Rights Against Discrimination

A Fight Against Racism: The Racial Justice Movement

Racial Justice Movement

The racial justice movement aims to bring about racial equity and end discrimination.

“I have a dream that one day this nation will rise up and live out the true meaning of its creed: ‘We hold these truths to be self-evident, that all men are created equal.’

I have a dream that one day, on the red hills of Georgia, the sons of former slaves and the sons of former slave owners will be able to sit down together at the table of brotherhood.

…. I have a dream that my four little children will one day live in a nation where they will not be judged by the color of their skin but by the content of their character.”

This is the iconic speech delivered by Dr. Martin Luther King Junior, the father of the civil rights movement. This upholds the basic skeleton of the movement for racial justice that carries on to date.

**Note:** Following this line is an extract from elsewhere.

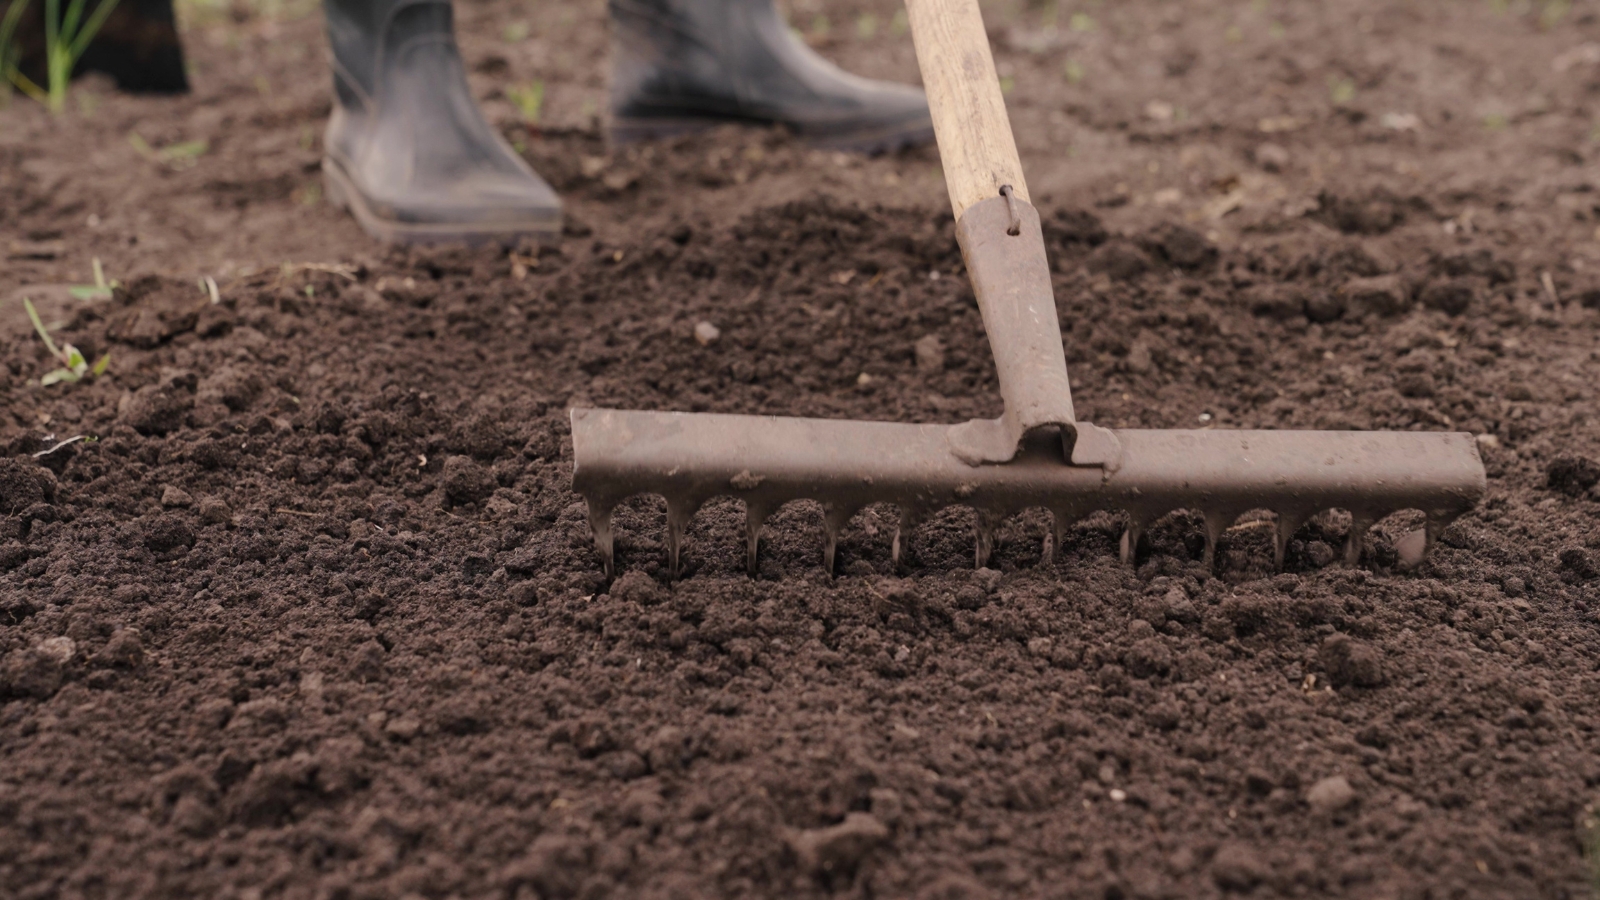 A person wearing black boots meticulously rakes through the rich, dark soil, tending to the garden with care and precision, preparing it for planting and nurturing vibrant life to flourish.
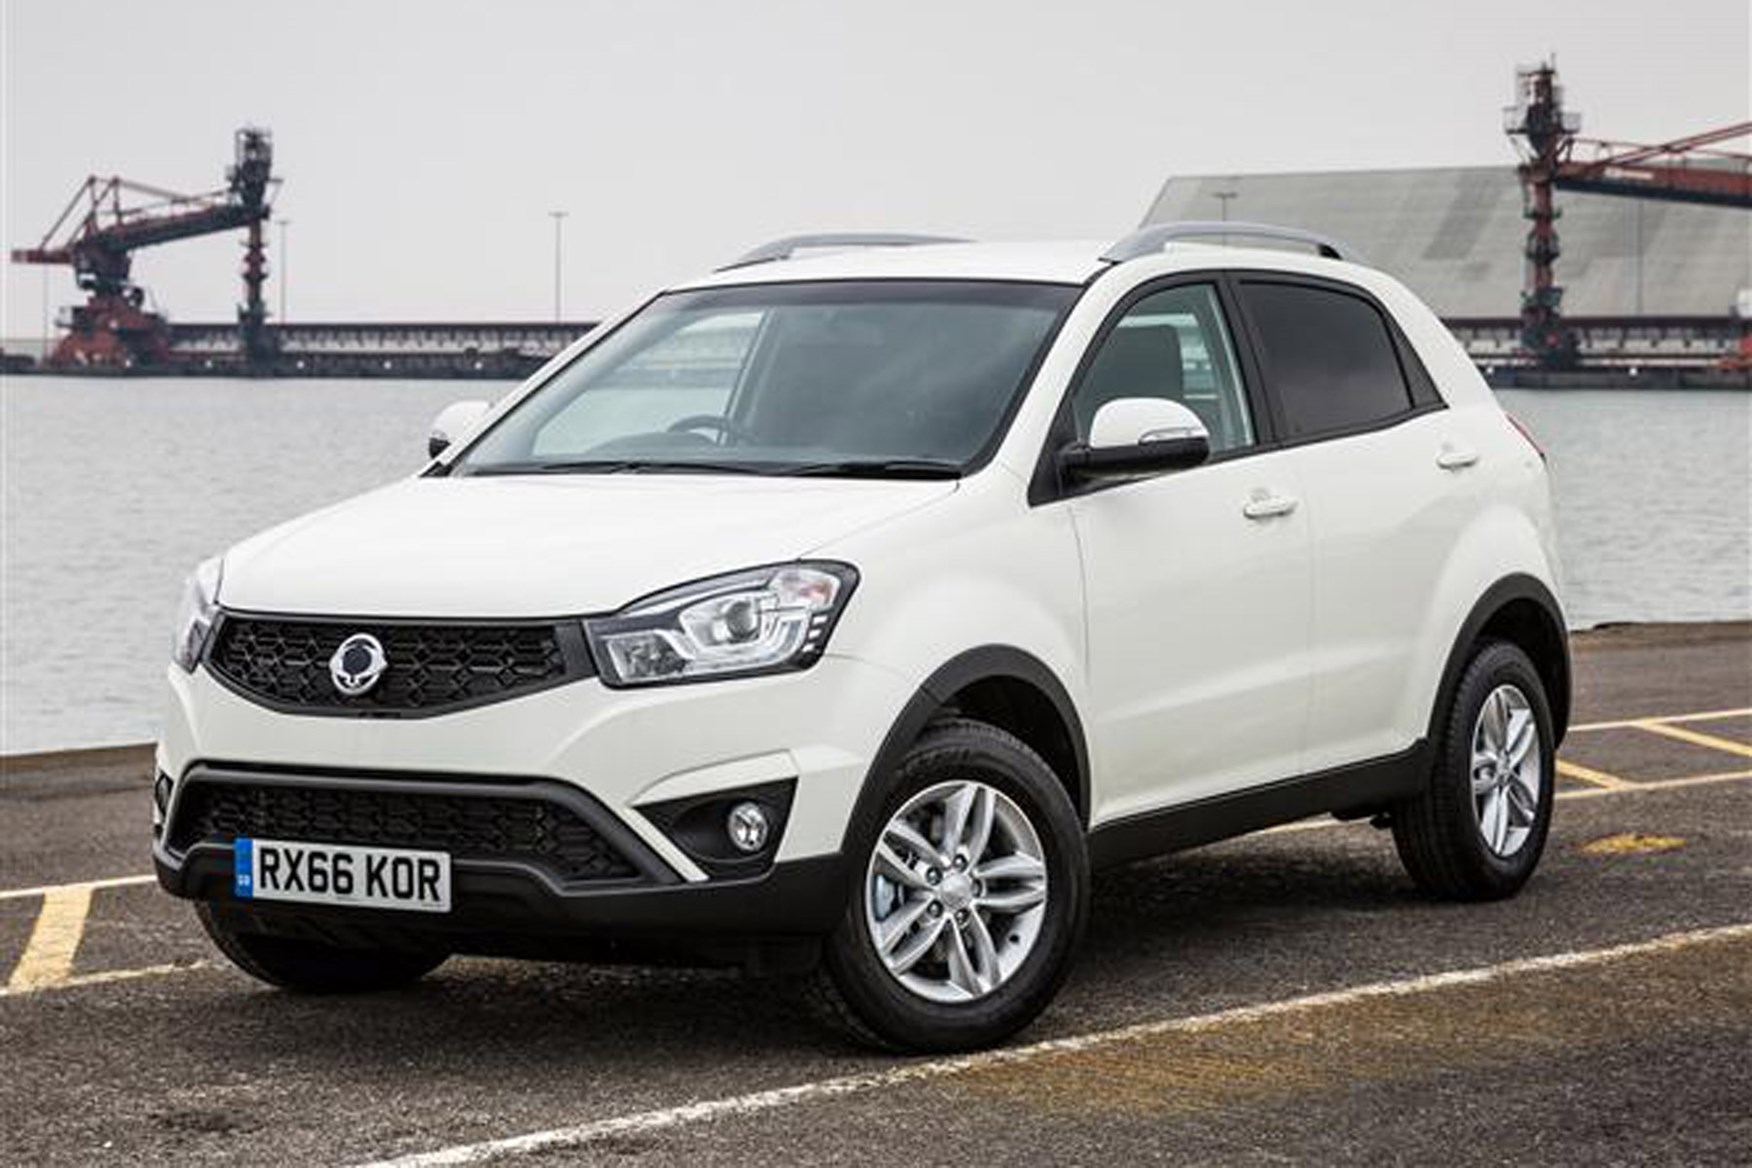 SsangYong Korando review on Parkers Vans - exterior

If you are familiar with the Black Lives Matter movement- a 21st-century manifestation of the racial justice movement, you must also know where it all started. You enjoy the freedom from discrimination of all types. Today, the racial justice movement has a million advocates and supporters all over the world, especially in the United States.

So without much delay, let’s get on to the real deal.

What Is The Racial Justice Movement?

The racial justice movement is a socio-political as well as economic movement that started way back in the 18th and 19th Centuries with the abolitionist movement. 

As the name suggests, the racial justice movement stands for the equal treatment of all races and ethnic groups.  It is the ongoing battle for equality of all races in all spheres of life. It is essentially a battle against white privilege.

You Must Have Heard Of White

White privilege is the “unquestioned and unearned set of advantages, entitlements, benefits and choices bestowed on people solely because they are white. Generally white people who experience such privilege do so without being conscious of it.”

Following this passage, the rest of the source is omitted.